___ AVAILABLE DATA

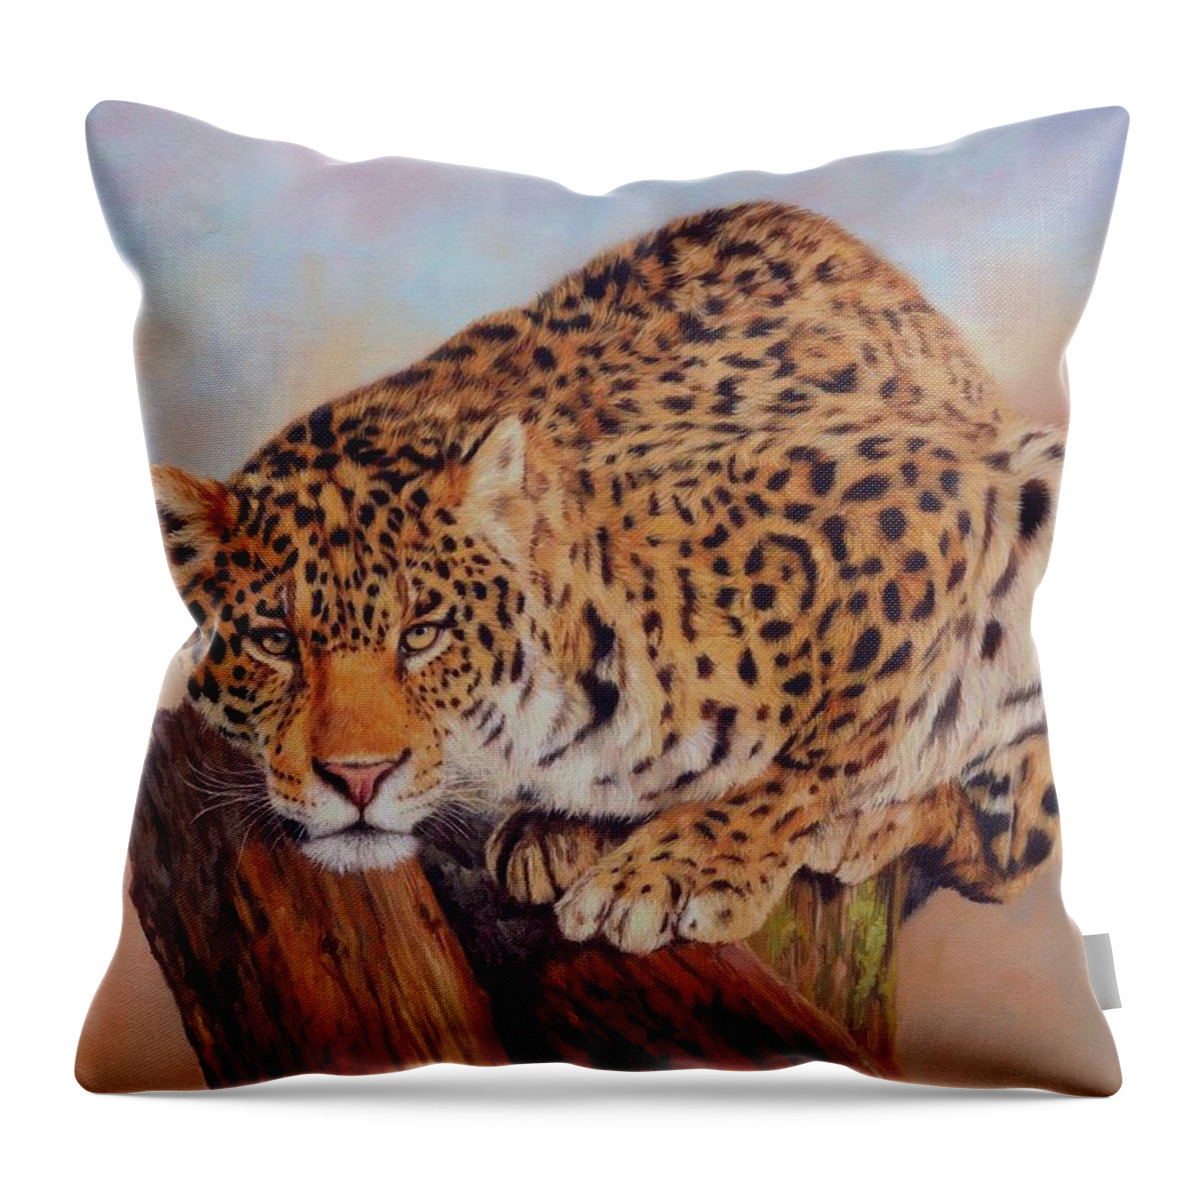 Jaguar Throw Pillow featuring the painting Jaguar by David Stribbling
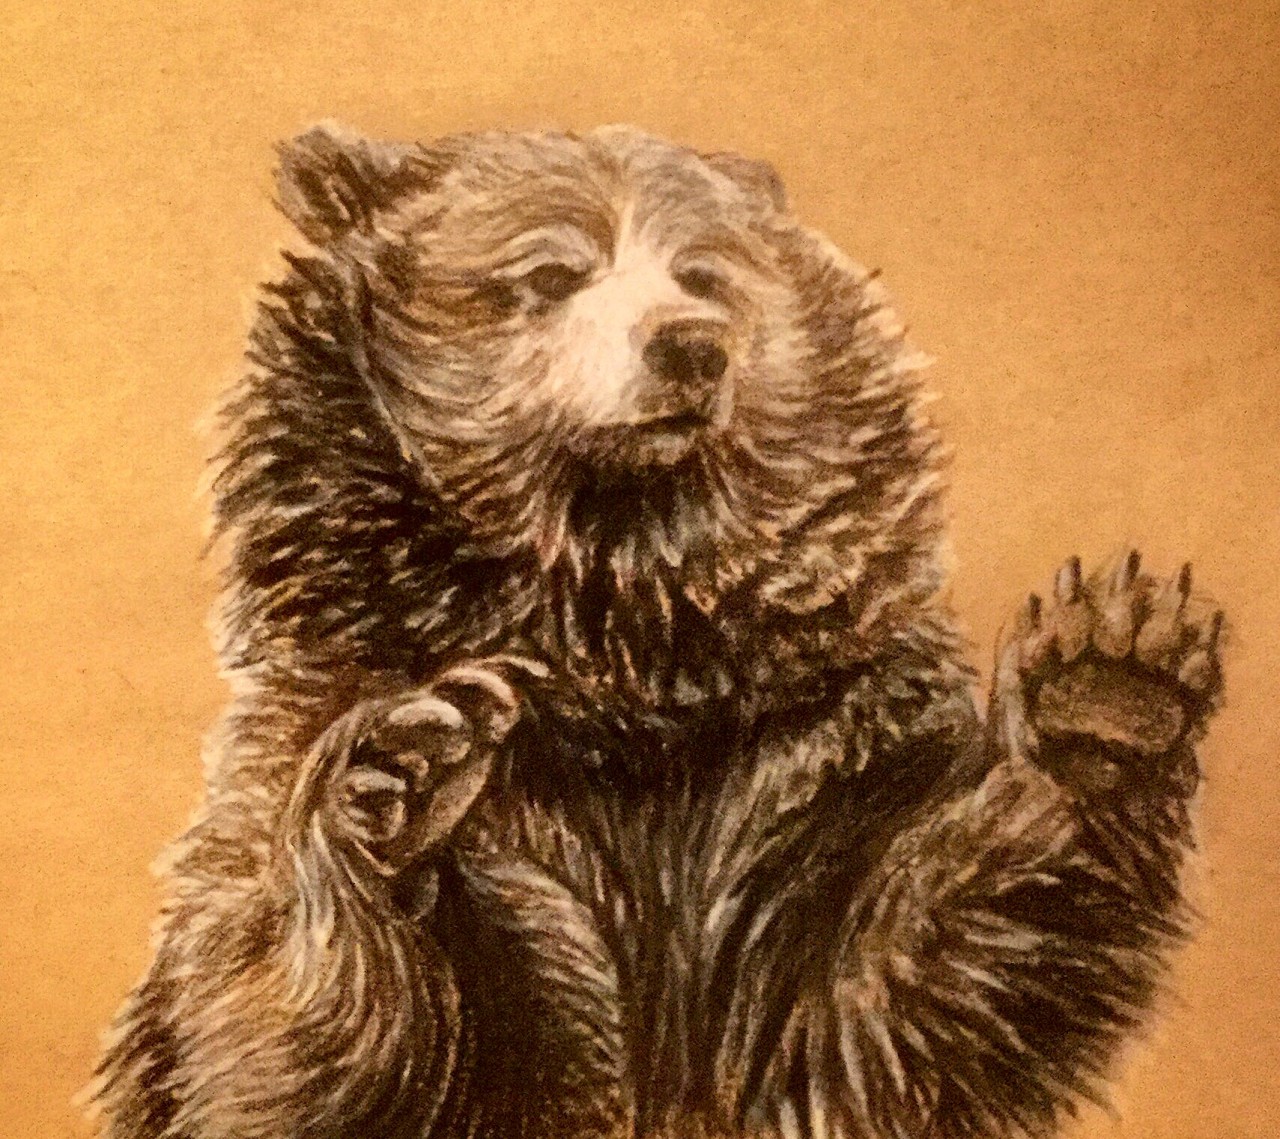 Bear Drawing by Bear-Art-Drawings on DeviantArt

______
___ AVAILABLE DATA

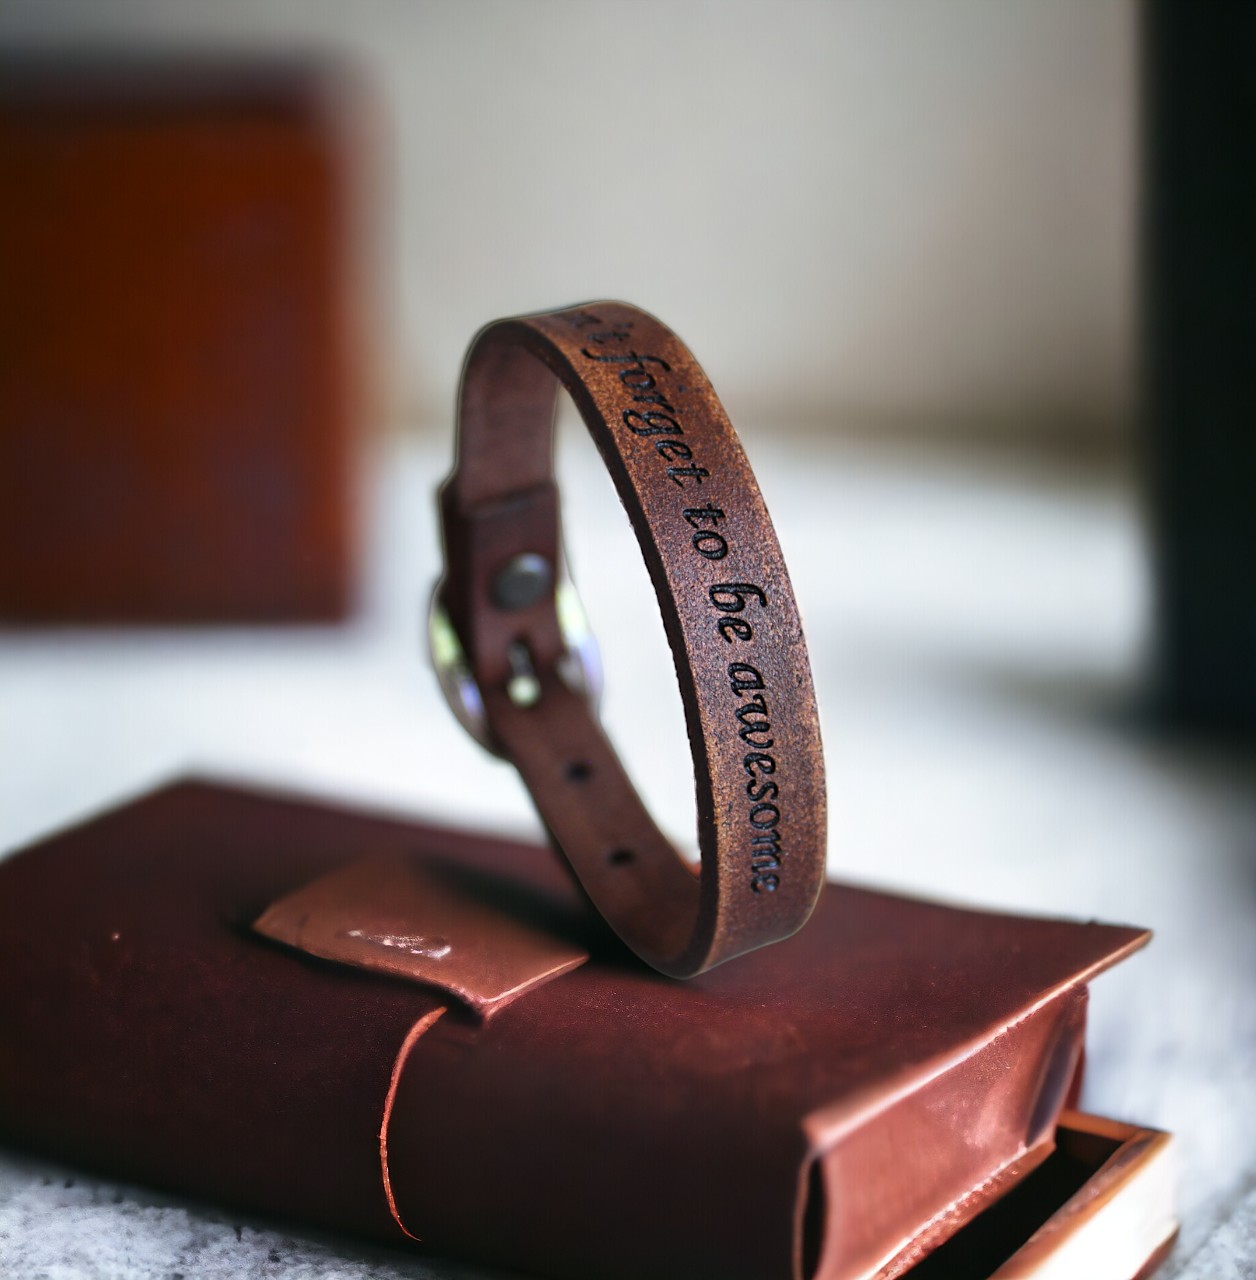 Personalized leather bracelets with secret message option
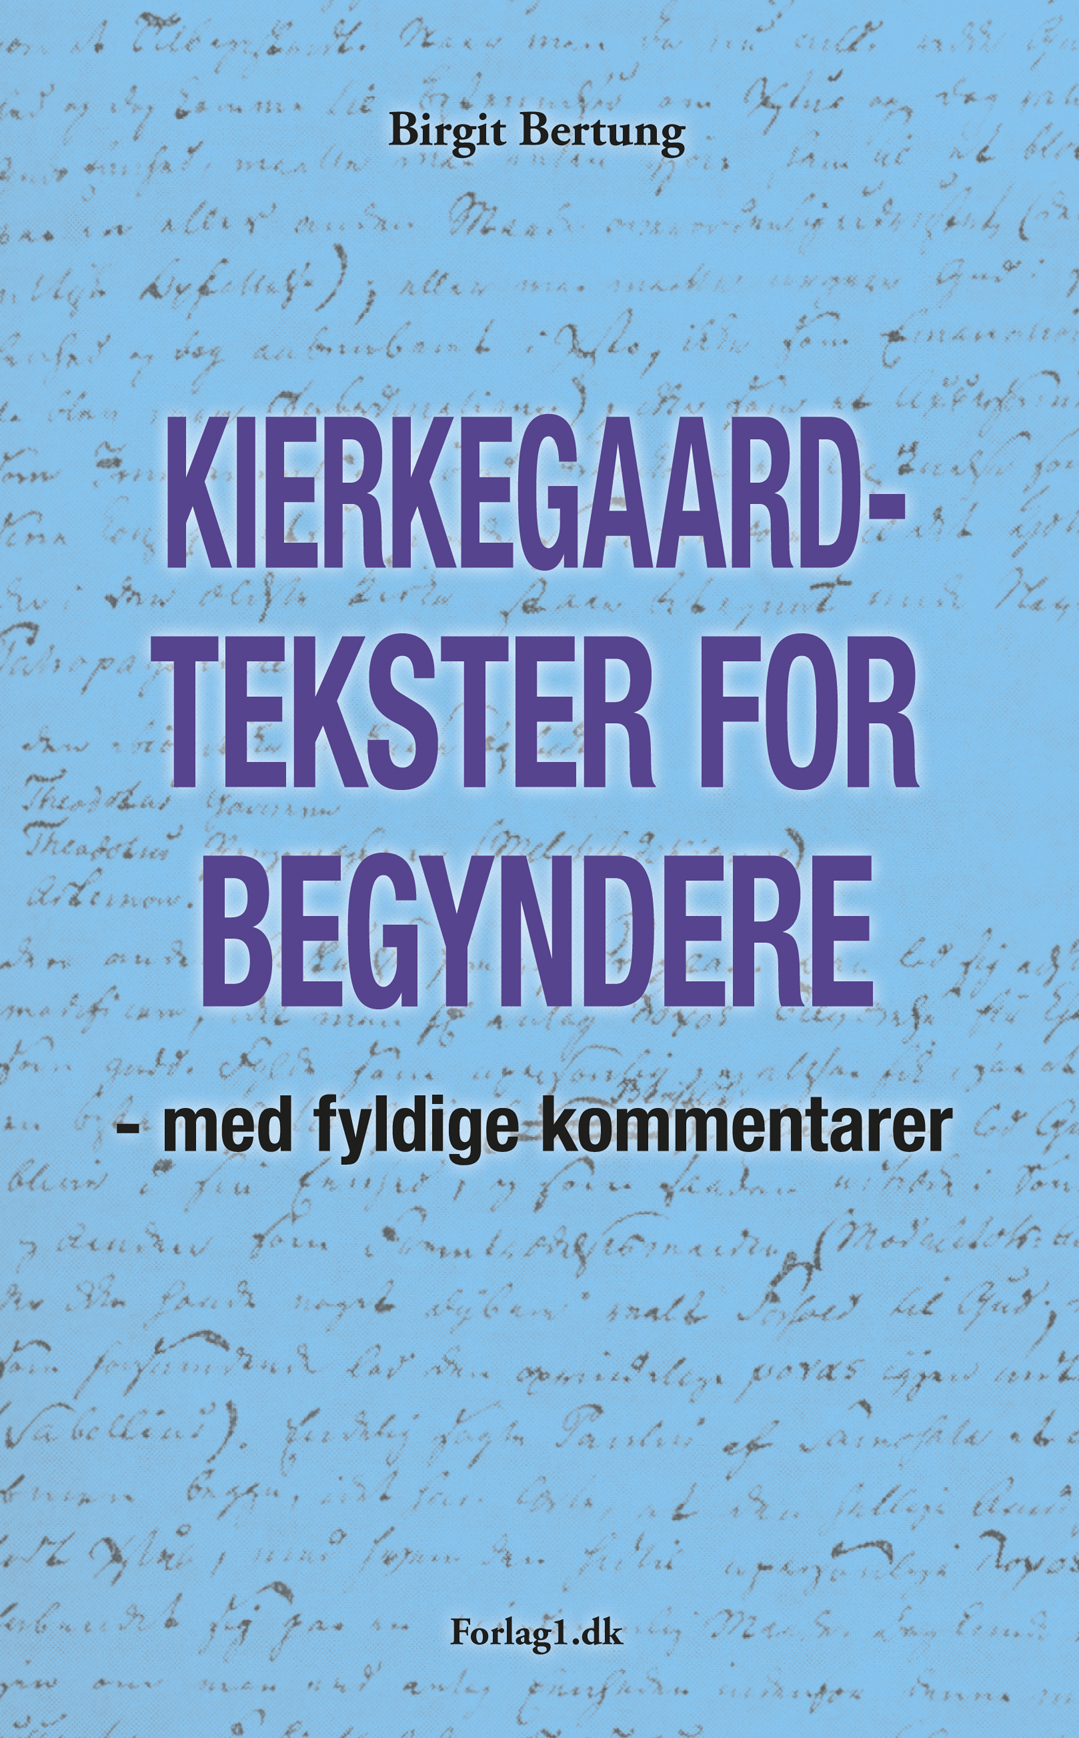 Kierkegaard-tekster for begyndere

______

» **ABOUT THIS TASK**
An exact copy is needed. It runs from the line above containing "Personalized leather bracelets" down to the line containing "Kierkegaard-tekster for begyndere", both included, with no pictures.

» **RESULT FOR THIS TASK**
 Personalized leather bracelets with secret message option
 Kierkegaard-tekster for begyndere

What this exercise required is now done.